PEEM: Prompt Engineering Evaluation Metrics for Interpretable Joint Evaluation of Prompts and Responses

This paper introduces PEEM, a unified framework that employs a structured 9-axis rubric and LLM-based evaluators to provide interpretable, joint assessments of prompts and responses, enabling systematic diagnosis and significantly improving downstream accuracy through zero-shot prompt optimization.

Minki Hong, Eunsoo Lee, Sohyun Park, Jihie Kim

Published Thu, 12 Ma
📖 4 min read☕ Coffee break read

Imagine you are trying to teach a very smart, but sometimes literal-minded, robot how to do a task. You give it a set of instructions (a prompt), and it gives you an answer (a response).

For a long time, people only cared if the robot's final answer was right or wrong. It was like grading a student's math test by only looking at the final number: "15." If the answer was 15, they got an A. If it was 14, they got an F. But this didn't tell you how the student got there, if they understood the concept, or if your instructions were confusing.

This is where PEEM comes in.

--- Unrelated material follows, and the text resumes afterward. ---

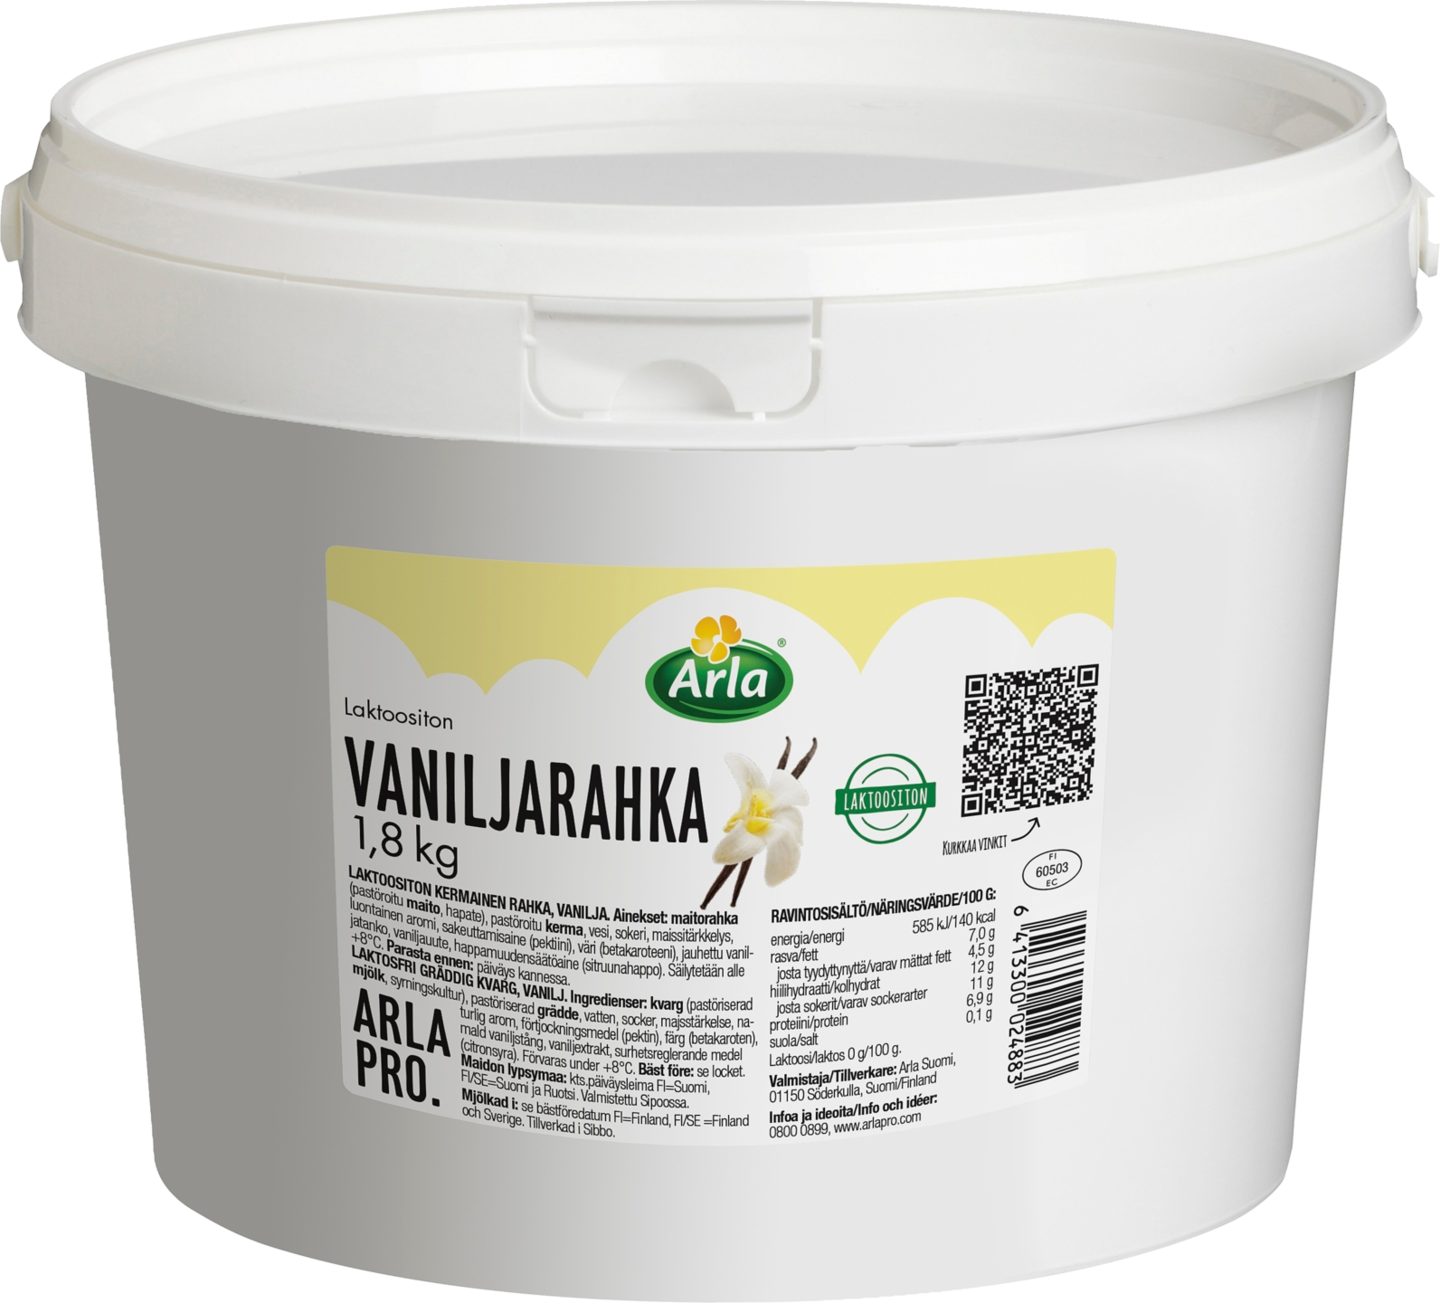 Arla Pro Kausimaku vaniljarahka laktoositon 1,8kg
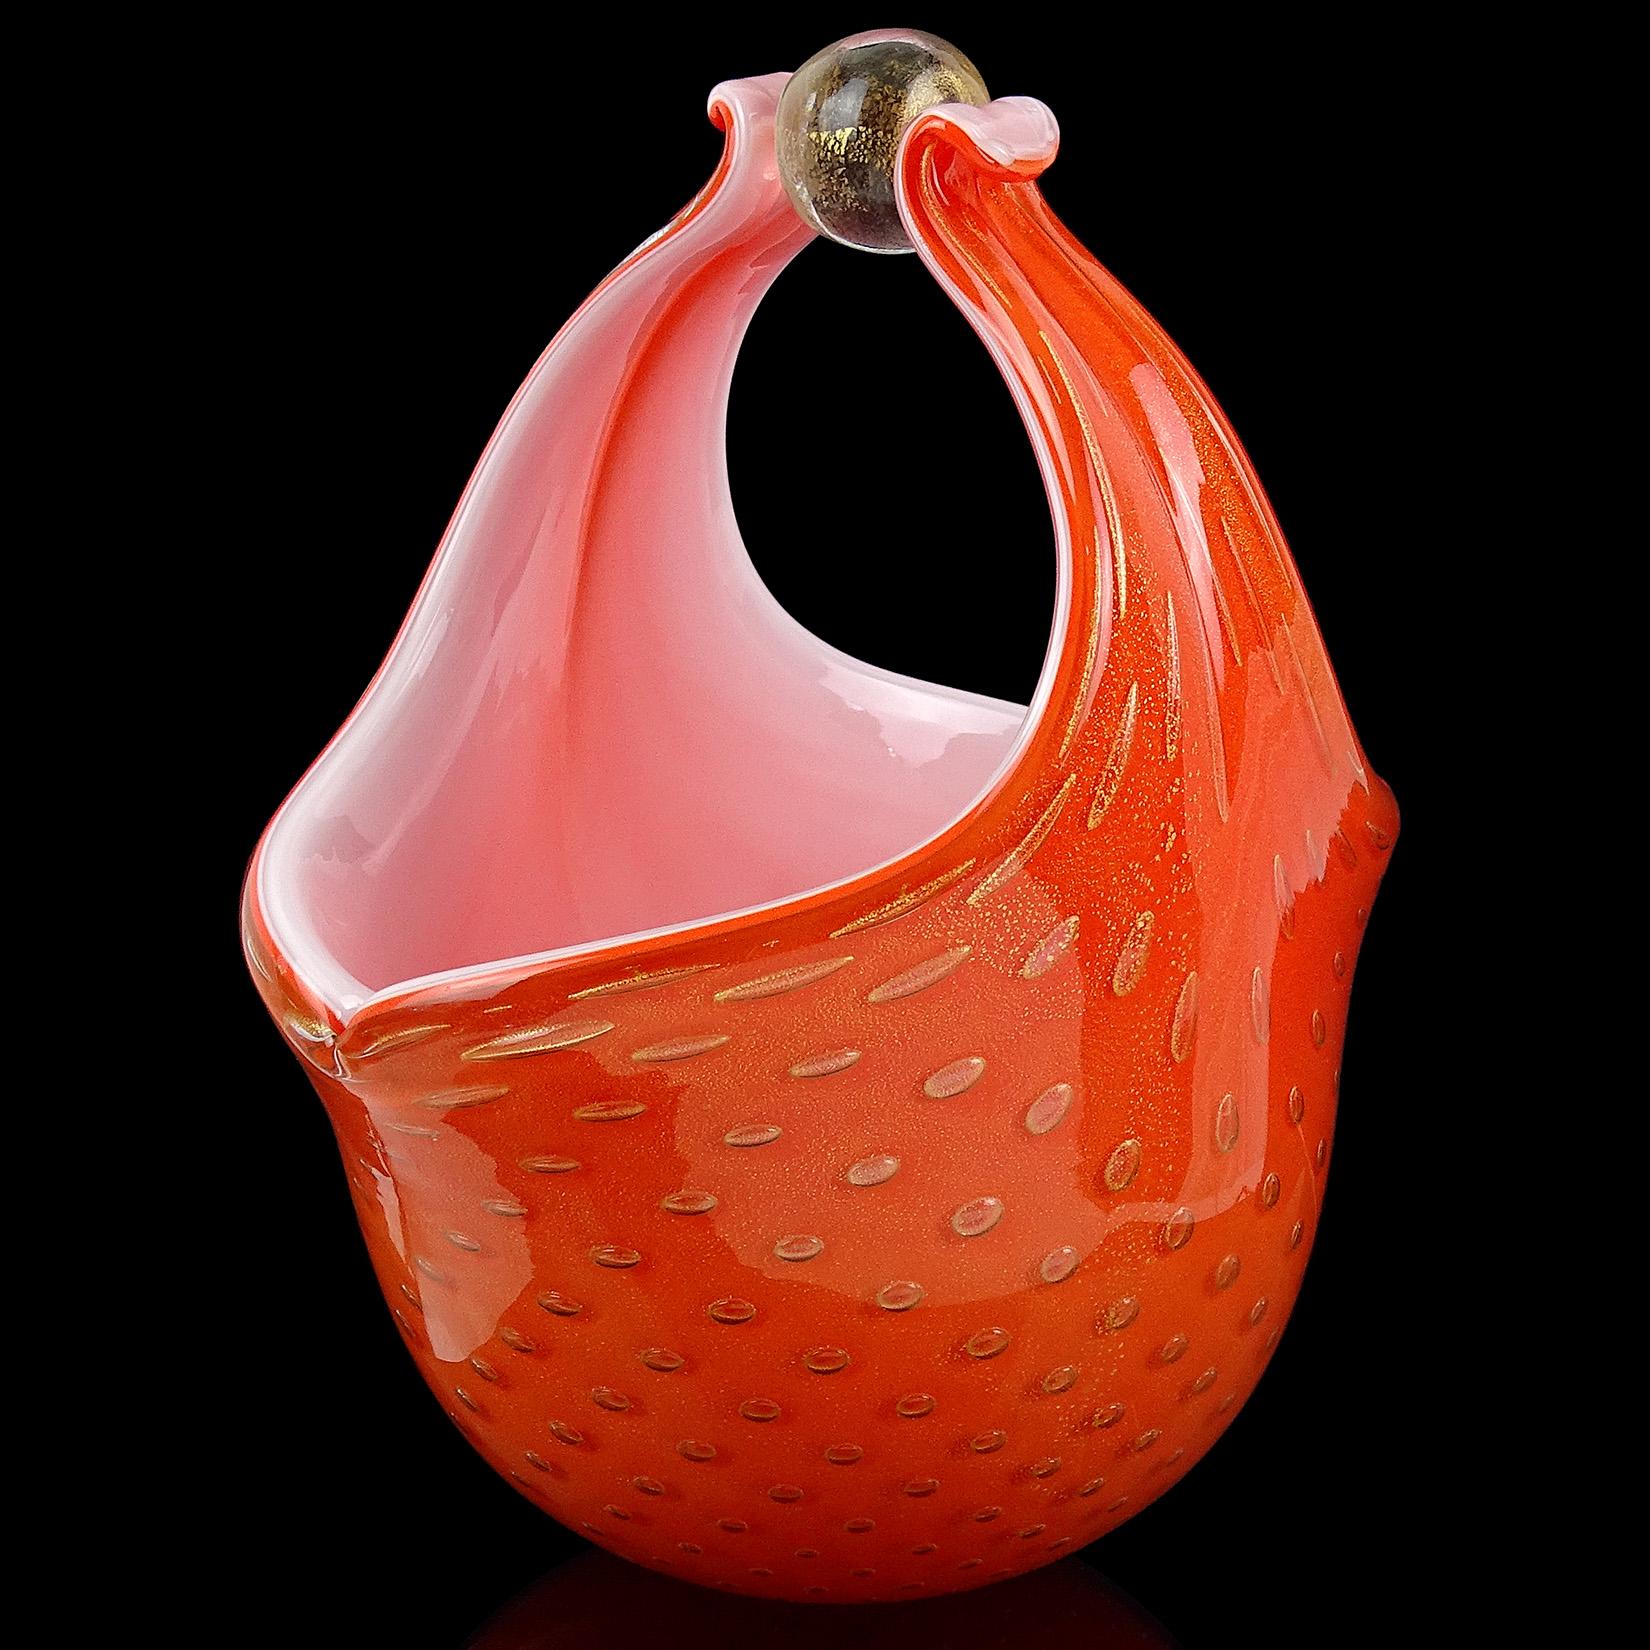 Magnifique panier / vase vintage en verre d'art italien soufflé à la main de Murano, orange, bulles contrôlées et mouchetures d'or. Documenté au designer Alfredo Barbini et publié dans son catalogue, vers 1950-1960. Il comporte deux poignées

The authors of this paper built a new "report card" system called PEEM (Prompt Engineering Evaluation Metrics).

Here is how PEEM works, explained through a simple analogy:

The "Double-Check" Inspector

Imagine a restaurant.

  • The Chef is the AI model.
  • The Recipe is the Prompt (what you tell the AI to do).
  • The Dish is the Response (what the AI actually makes).

In the old days, the food critic (the evaluator) would only taste the dish. If it tasted good, the chef got a 5-star rating. If it tasted bad, they got 1 star. They didn't care if the recipe was written in a language the chef couldn't understand, or if the recipe was missing ingredients.

PEEM is like a super-inspector who checks BOTH the Recipe and the Dish.

Part 1: Grading the Recipe (The Prompt)

Before the chef even starts cooking, PEEM looks at your instructions. It asks three questions:

  1. Is it clear? (Did you say "Add salt" or just "Make it tasty"?)
  2. Is it well-written? (Are there typos or confusing grammar?)
  3. Is it fair? (Does the recipe assume everyone likes spicy food, or is it inclusive?)

If your recipe is messy, PEEM gives it a low score, even before the food is cooked. This helps you realize, "Oh, I didn't explain the steps clearly enough!"

Part 2: Grading the Dish (The Response)

Once the chef cooks the meal, PEEM tastes it, but not just for "good or bad." It uses a 6-point checklist:

  1. Accuracy: Is the food actually edible and correct?
  2. Coherence: Does the meal make sense? (e.g., Did they put ice cream on a steak?)
  3. Relevance: Did the chef make what you asked for, or did they make a cake when you wanted soup?
  4. Objectivity: Is the chef being neutral, or are they adding their own weird opinions?
  5. Clarity: Is the presentation easy to understand?
  6. Conciseness: Did they serve a tiny bite or a mountain of food when you only wanted a snack?

The Magic Ingredient: The "Why"

The coolest part of PEEM isn't just the score (like a 4 out of 5). It's the commentary.

Instead of just saying "You got a 2," PEEM says: "You got a 2 because your recipe was confusing, and the chef forgot to turn on the oven."

This is like having a teacher who writes a detailed note on your homework instead of just circling the wrong answers. It tells you exactly what to fix.

Why is this a big deal?

The paper shows that PEEM is incredibly useful for three reasons:

  1. It's Honest: When PEEM says a model is doing well, it usually matches the old "right/wrong" scores. So, we know it's reliable.
  2. It's Robust: If you rewrite your instructions using different words but keep the same meaning, PEEM gives you the same score. But if you try to trick the AI with confusing or malicious instructions, PEEM catches it and lowers the score.
  3. It's a Self-Improvement Tool: The authors used PEEM to create a "feedback loop." They let PEEM grade the AI's instructions, then fed those comments back to the AI to rewrite its own instructions.
    • Result: The AI got significantly smarter just by listening to PEEM's advice, without needing any human teachers or expensive retraining. It improved its accuracy by up to 11.7 points just by following the "report card."

The Bottom Line

PEEM changes the game from "Did you get the right answer?" to "How well did you understand the question, and how well did you explain your answer?"

It turns the black box of AI into a transparent process where we can see exactly why an AI succeeds or fails, and gives us a clear map on how to make it better. It's the difference between a teacher who just hands back a test with a grade, and one who sits down with you to explain how to ace the next one.